Looking at it from another angle, a surefire way to get better gender equality in the field would be to make it compulsory for all staff who want to get to senior positions to take up at least one prior assignment in the field, with no opt-puts according to gender.
“But it wouldn’t be to the taste of everyone,” declared Richards.
The United Nations-wide Gender Parity Strategy, launched in September 2017, sets targets for equal representation of women and men, with specific commitments leadership and accountability; senior management; recruitment and retention; creating an enabling environment; and field operations.
Maria Fernanda Espinosa of Ecuador, only the fourth female to be elected as President of the General Assembly in its 74-year history of overwhelmingly male Presidents.

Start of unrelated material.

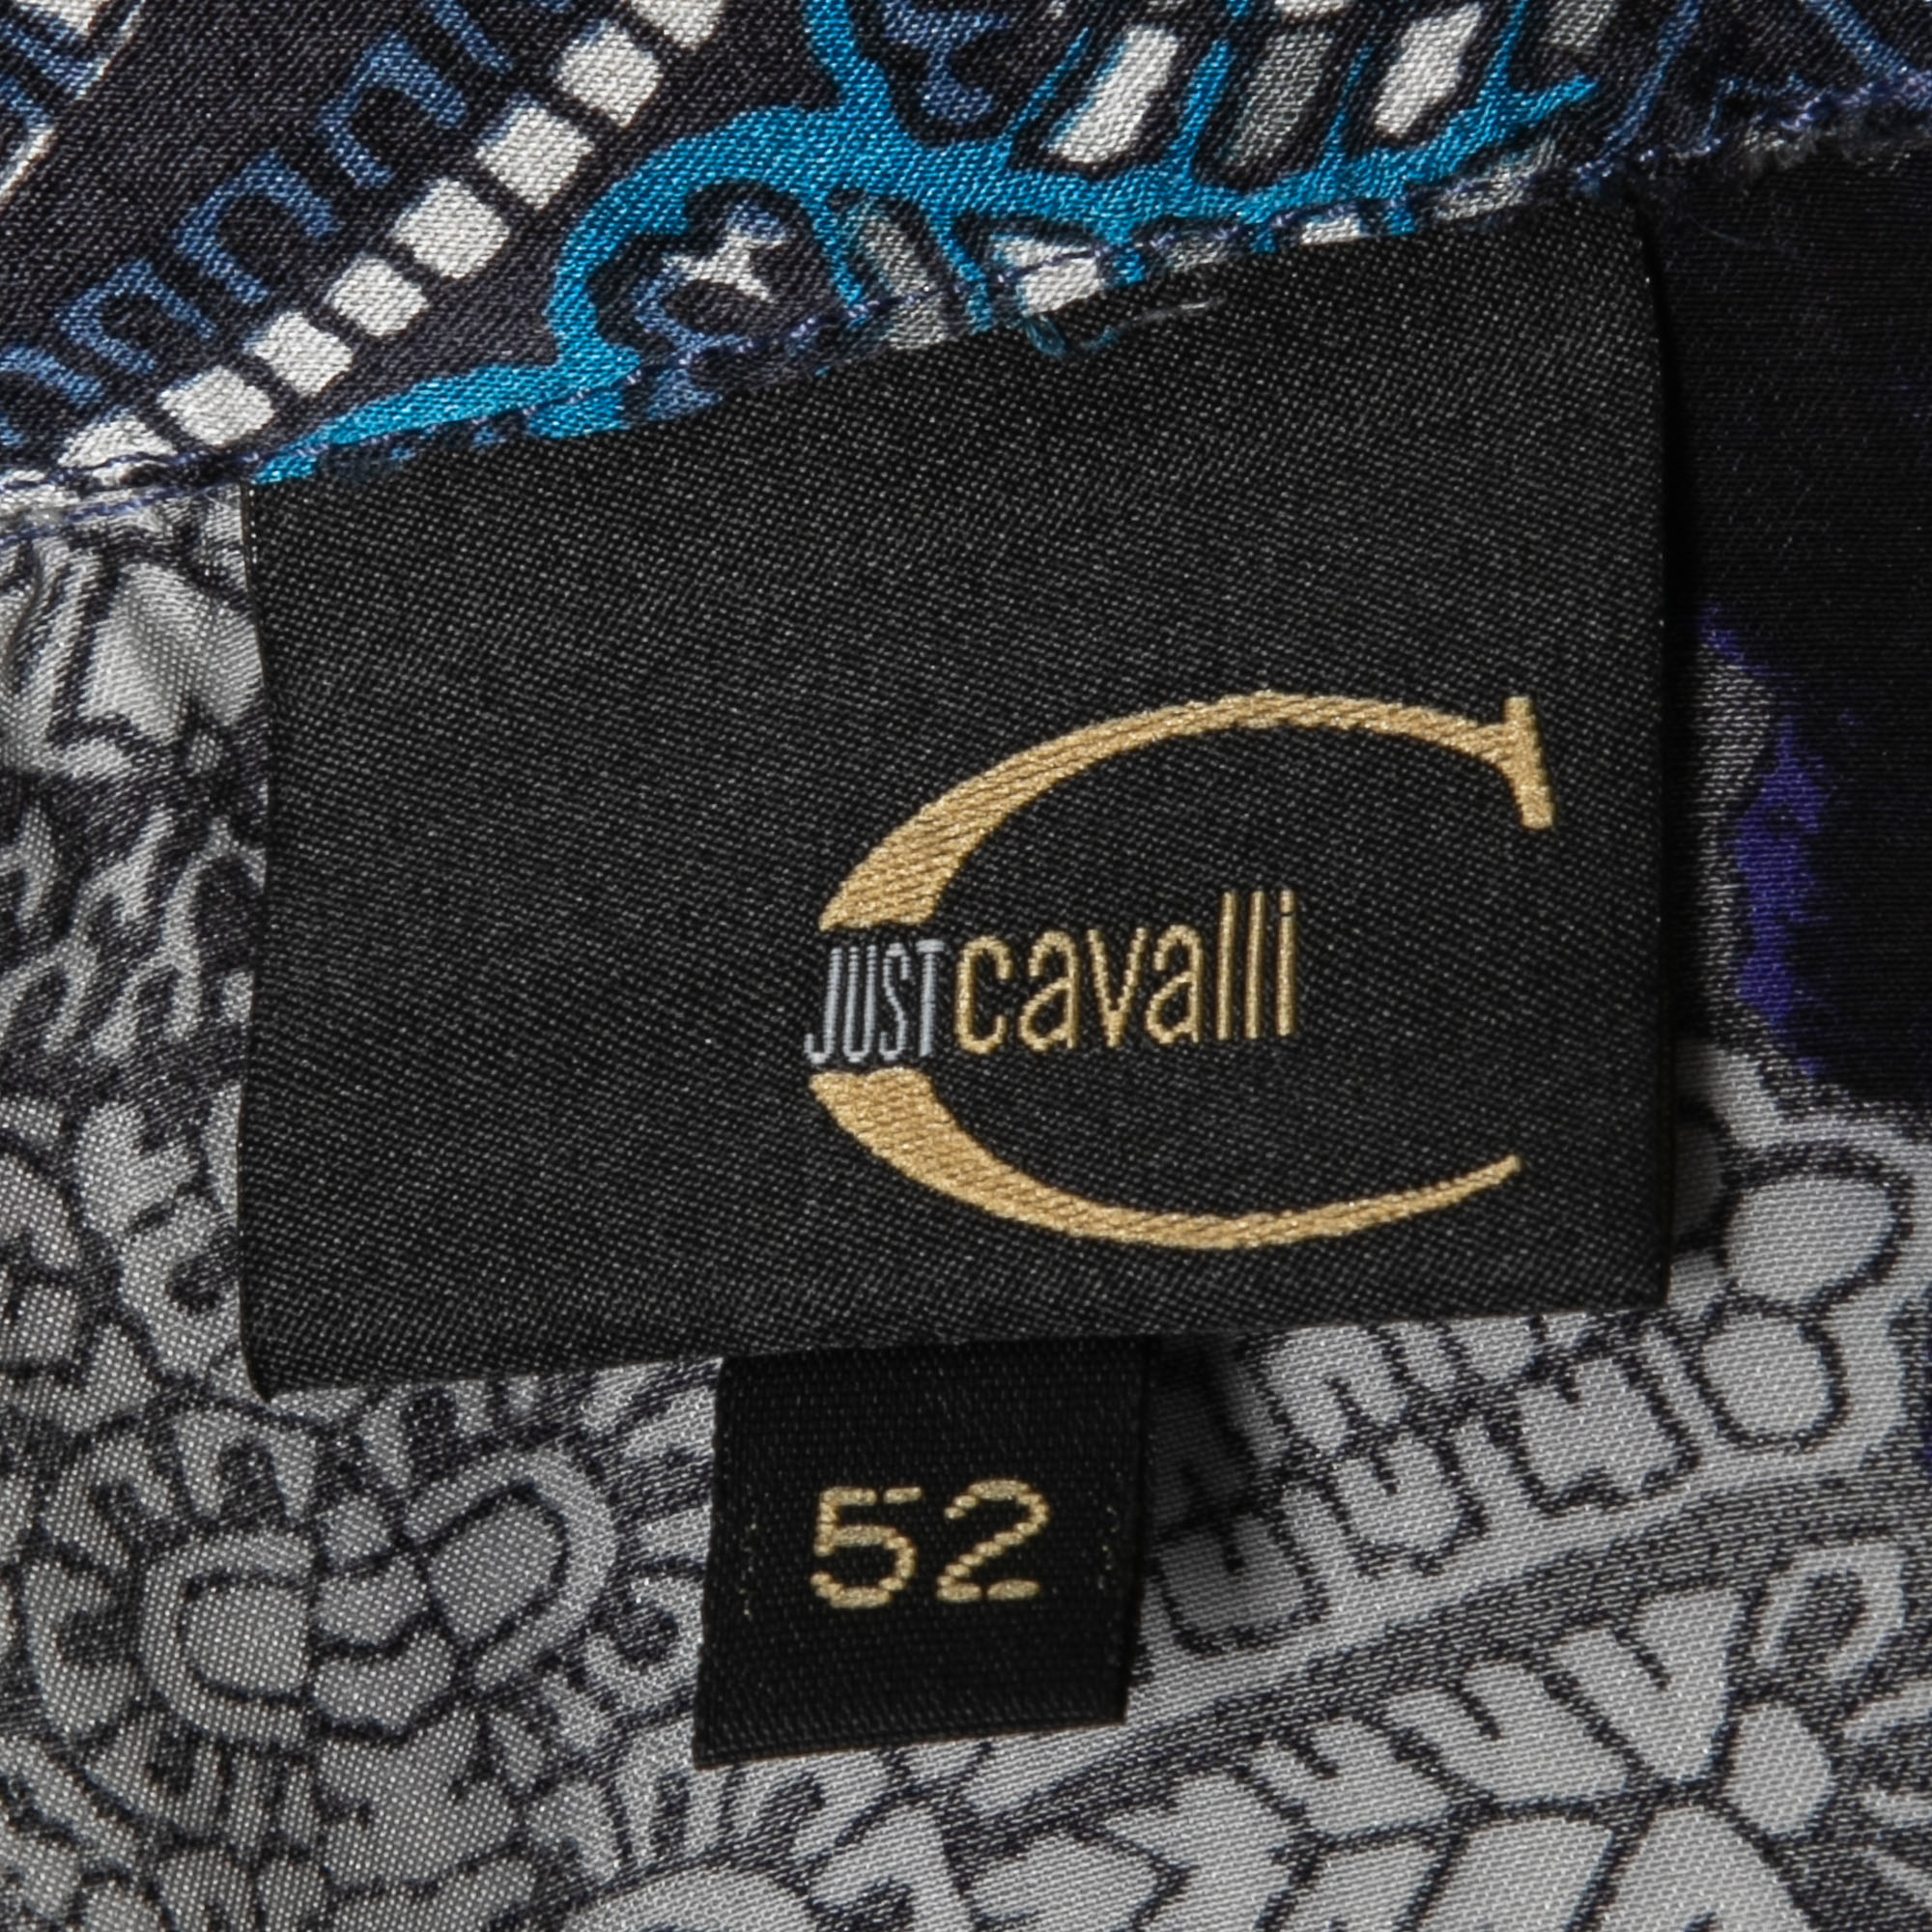 Just Cavalli Blue Paisley Print Satin Silk Button Front Shirt XL

Credit: United Nations
While the UN secretariat and the UN’s affiliated agencies have made progress on gender parity and gender empowerment, the 193 member states have lagged far behind.
In its 74-year history, the General Assembly has elected only four women as presidents – Vijaya Lakshmi Pandit of India (1953), Angie Brooks of Liberia (1969), Sheikha Haya Rashed Al-Khalifa of Bahrain (2006) and Maria Fernanda Espinosa of Ecuador (2018)
And that’s four out of 74 Presidents, 70 of whom were men.
The 15-member Security Council’s track record is probably worse because it has continued to elect men as UN Secretaries-General, rubber-stamped by the General Assembly.
And that’s zero out of nine male UN chiefs (Trygve Lie of Norway, Dag Hammarskjold of Sweden, U. Thant of Burma (now Myanmar), Kurt Waldheim of Austria, Javier Perez de Cuellar of Peru, Boutros Boutros-Ghali of Egypt, Kofi Annan of Ghana, Ban Ki-moon of South Korea and, currently, Antonio Guterres of Portugal).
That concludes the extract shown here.